Theodore Pellerin and Lucas Hedges in “Boy Erased.”
Photo: Focus Features
“Boy Erased” deals with gay conversion therapy and also a culture and a way of life in which such a thing could make sense. It’s an immersion into a world and a mindset, both of which are foreign to most people that live in cities, but the foreignness makes it fascinating. To writer-director Joel Edgerton’s credit, “Boy Erased” is fair to people who think in this way, even as it exposes the bad things that can happen as a result.
The film is based on Garrard Conley’s memoir of growing up gay in Fundamentalist Arkansas. The names are changed, and so here we follow the story of Jared (Lucas Hedges), an intelligent kid whose mother seems like a meek church lady — except that she is played by Nicole Kidman, so she can’t stay meek for long — and his father is a Baptist preacher, played by the always formidable Russell Crowe.
On the surface, everything’s great. Jared has a girlfriend, and he is about to graduate high school. But the girlfriend is unable to persuade him to have sex with her; and Jared lives with the oppressive knowledge that his thoughts, fantasies and impulses define him as something wrong and perhaps evil in the belief system of everyone he knows, including his own parents. In such a context, how could he not think that he’s the one with the problem?
He might have gone on like this for a while, with his internal and external lives at cross-purposes, except that one day he is outed. The outing comes in the form of an anonymous phone call, and in the ensuing family discussion, Jared admits to having gay proclivities. So Dad gives him a choice, either to be cast out of the house as a deviant or to agree to get help in the form of conversion therapy. Understandably, Jared chooses to get help.

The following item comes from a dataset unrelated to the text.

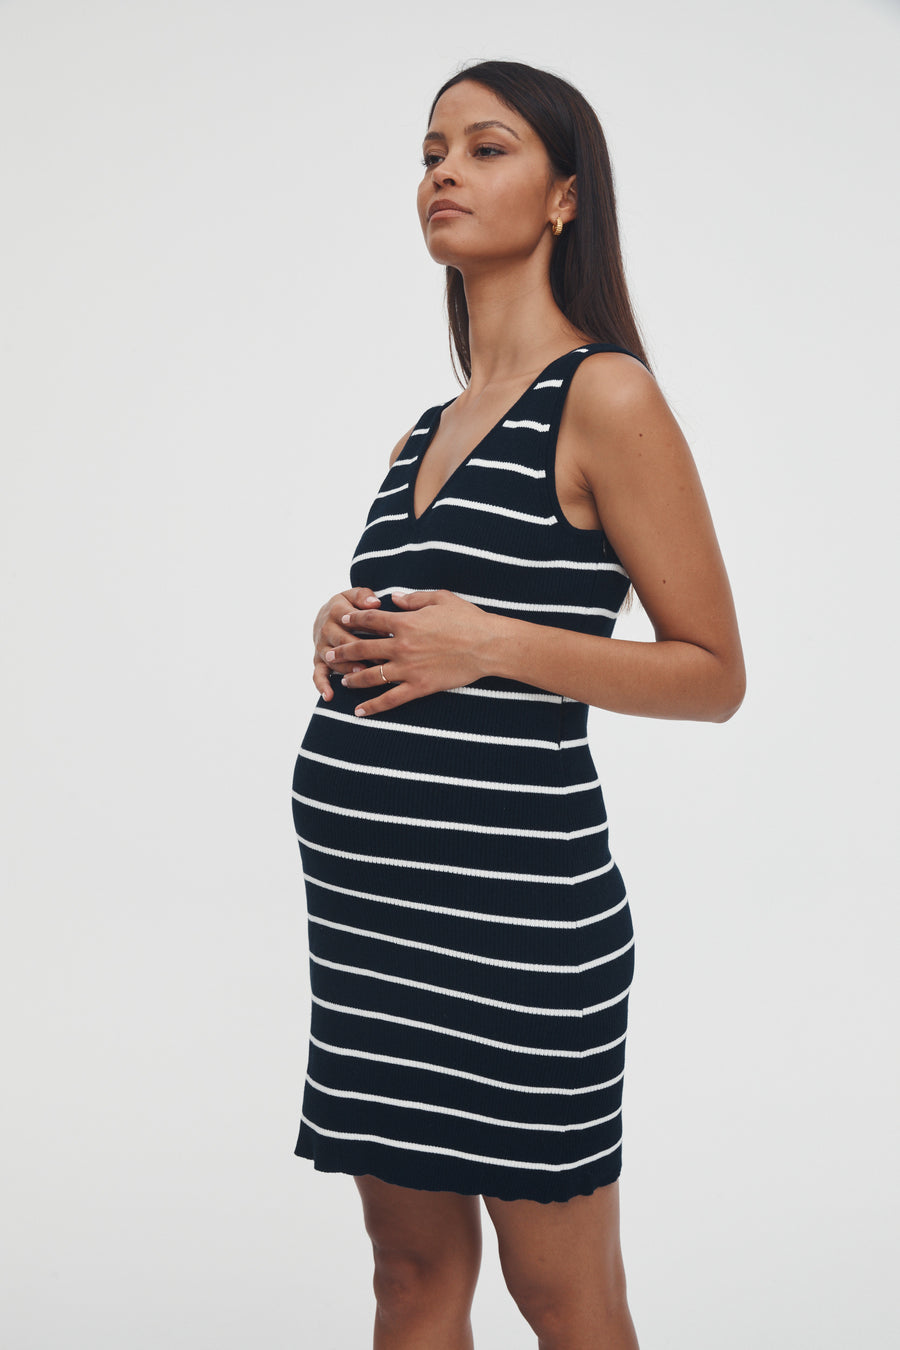 Summer Maternity Dress (Navy Stripe) 6
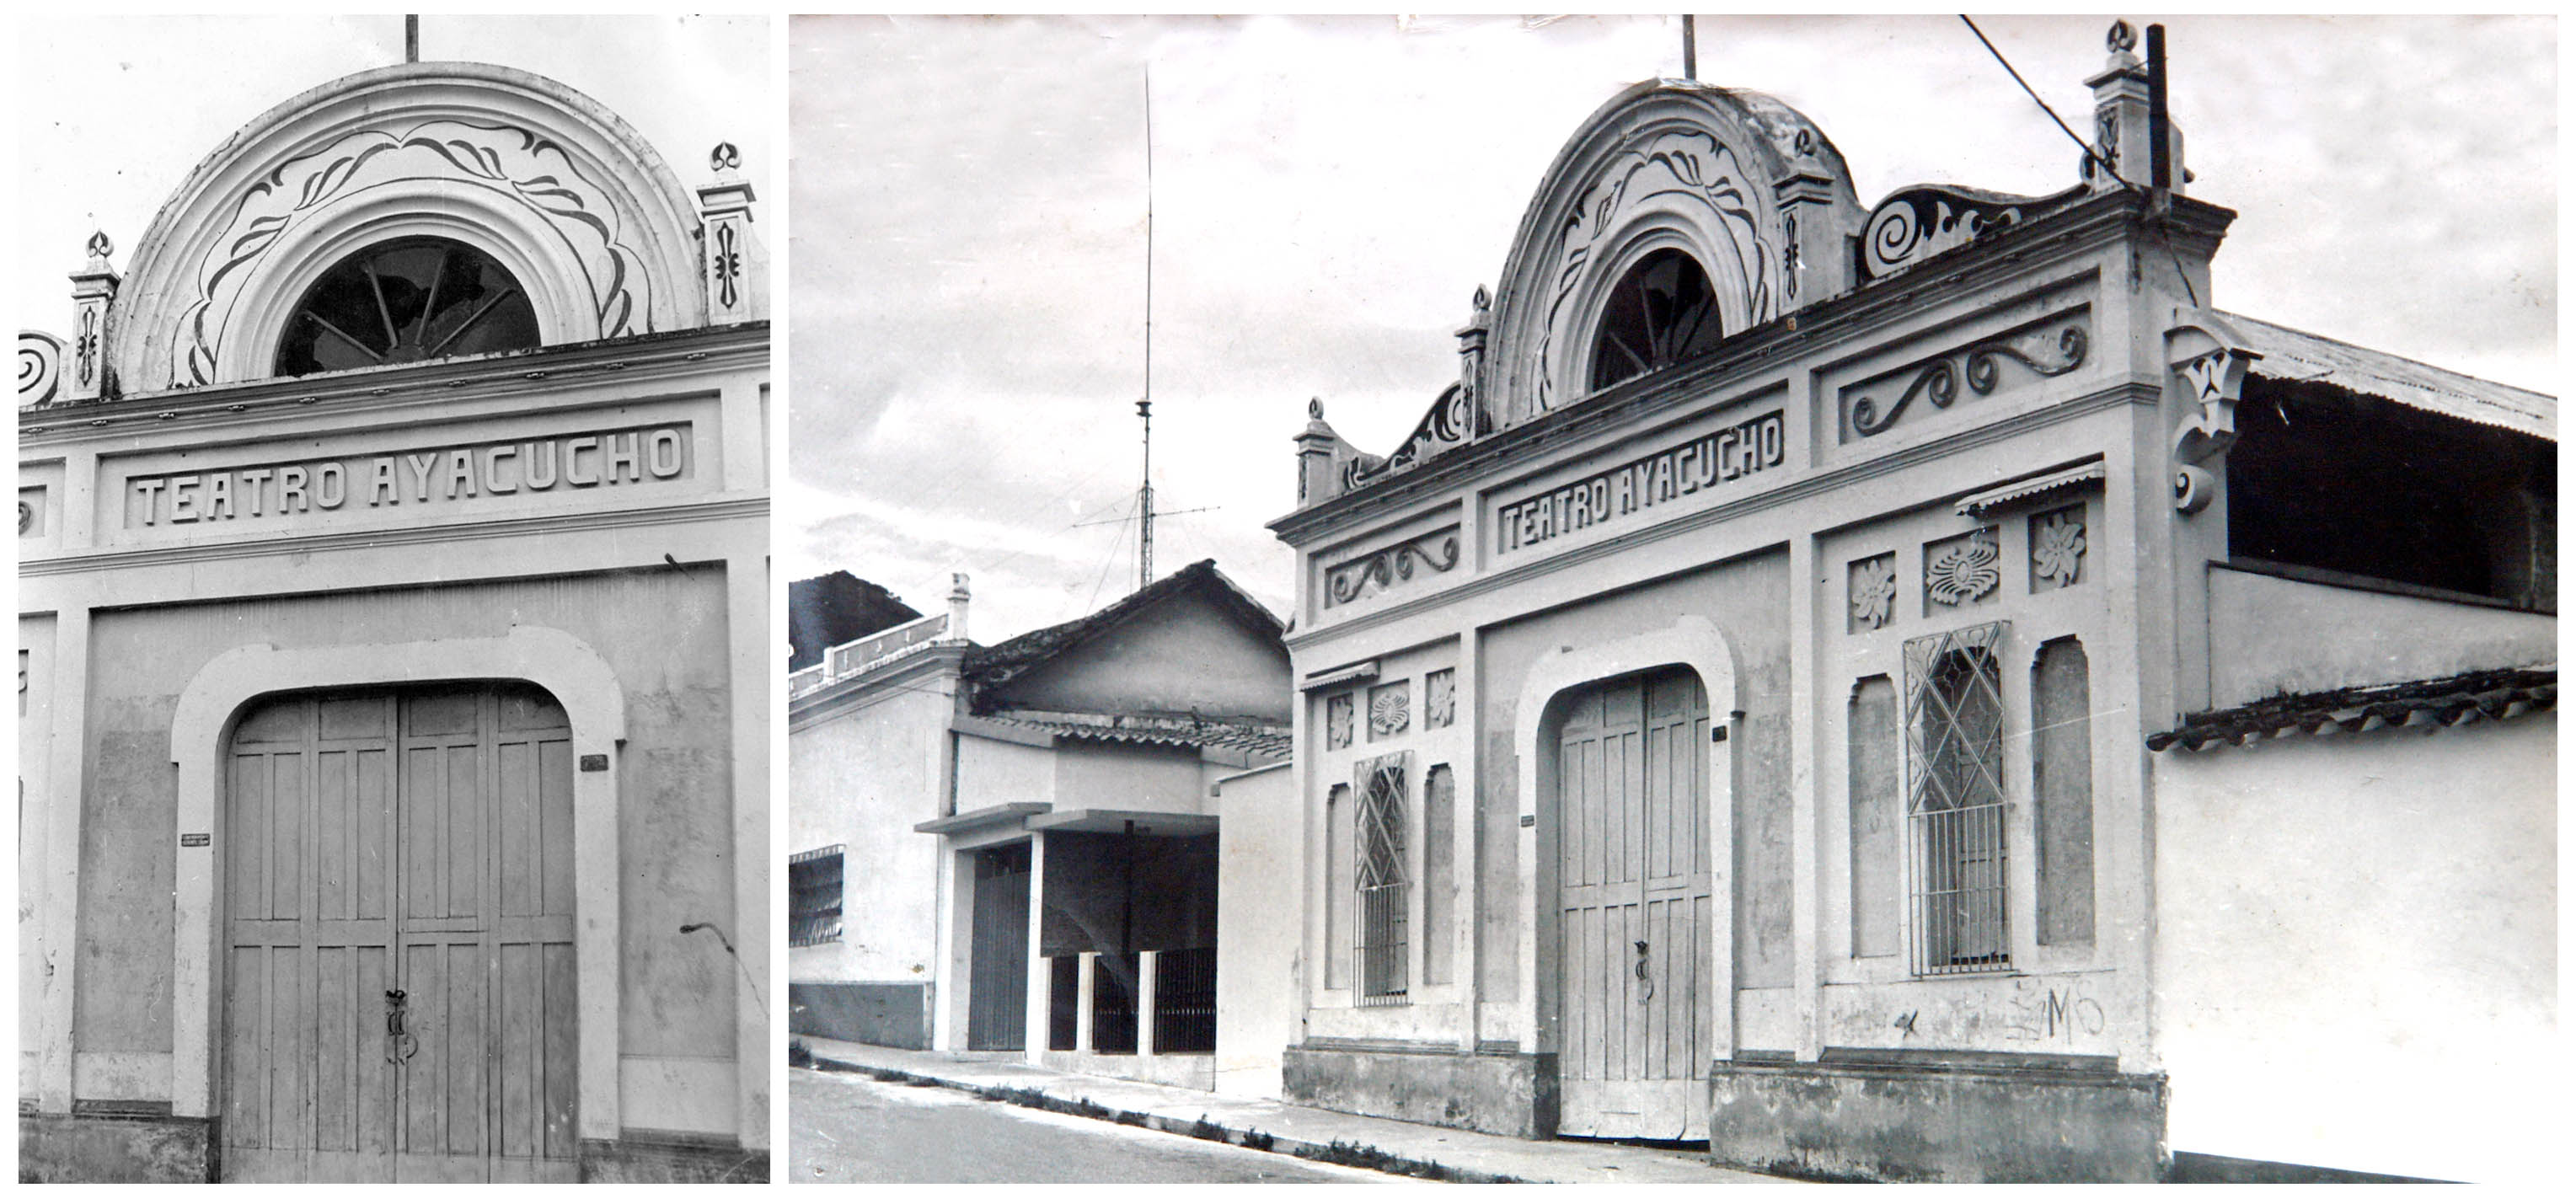 Teatro Ayacucho Archivo de Oscar Abraham Pabon

Joel Edgerton in “Boy Erased.”
Photo: Focus Features
As Jared, Hedges gives a measured, carefully scored performance, in that we can read the progress of his thinking just by watching his face over the course of the film. He starts off guilty and hopeful. Being gay has been nothing but a horrible strain and inconvenience, so if he can be transformed and jump back into the car with his girlfriend and a brand new attitude, that’s fine with him. But he’s too smart — both Hedges as an actor and Jared as a character — not to see what’s in front of him and admit what’s going on.
Joel Edgerton, who wrote and directed, co-stars in “Boy Erased.” Edgerton casts himself as Sykes, who runs the conversion program, and he couldn’t have found a better actor for the role. Edgerton is really good at presenting a sure façade, while suggesting doubt; an intelligent façade, while suggesting stupidity; an impressive façade, while suggesting hollowness — and conversely, a corrupt façade, while suggesting a core humanity. “Boy Erased” takes us within the walls of the conversion center, where we get to see the nature of the therapy, a mix of dime-store psychology, false arguments, flogging with bibles (literally), and verbal abuse: “God will not love you the way you are right now.” The therapy seems like an expression of Sykes’ own conflicts and limitations.
“Boy Erased” is something more and something less than an expose of conversion therapy practices. The therapy seems useless and potentially destructive, but more misguided than cruel or frightening. The larger picture is the social context, which encompasses not just the therapy, but the church, the community and the family. Jared’s parents find themselves confronted by a logical conundrum disguised as a simple moral issue. They know everything they’ve been told, and they know how they feel about their son, and they have to decide what to trust, their beliefs or their perceptions.
As such, “Boy Erased” is a low-key film, not especially dramatic or ambitious, but dedicated to showing how people think and can sometimes change. Within its small scope, it’s a positive achievement.
MBoy Erased: Drama. Starring Lucas Hedges and Joel Edgerton. Directed by Joel Edgerton. (R. 114 minutes.)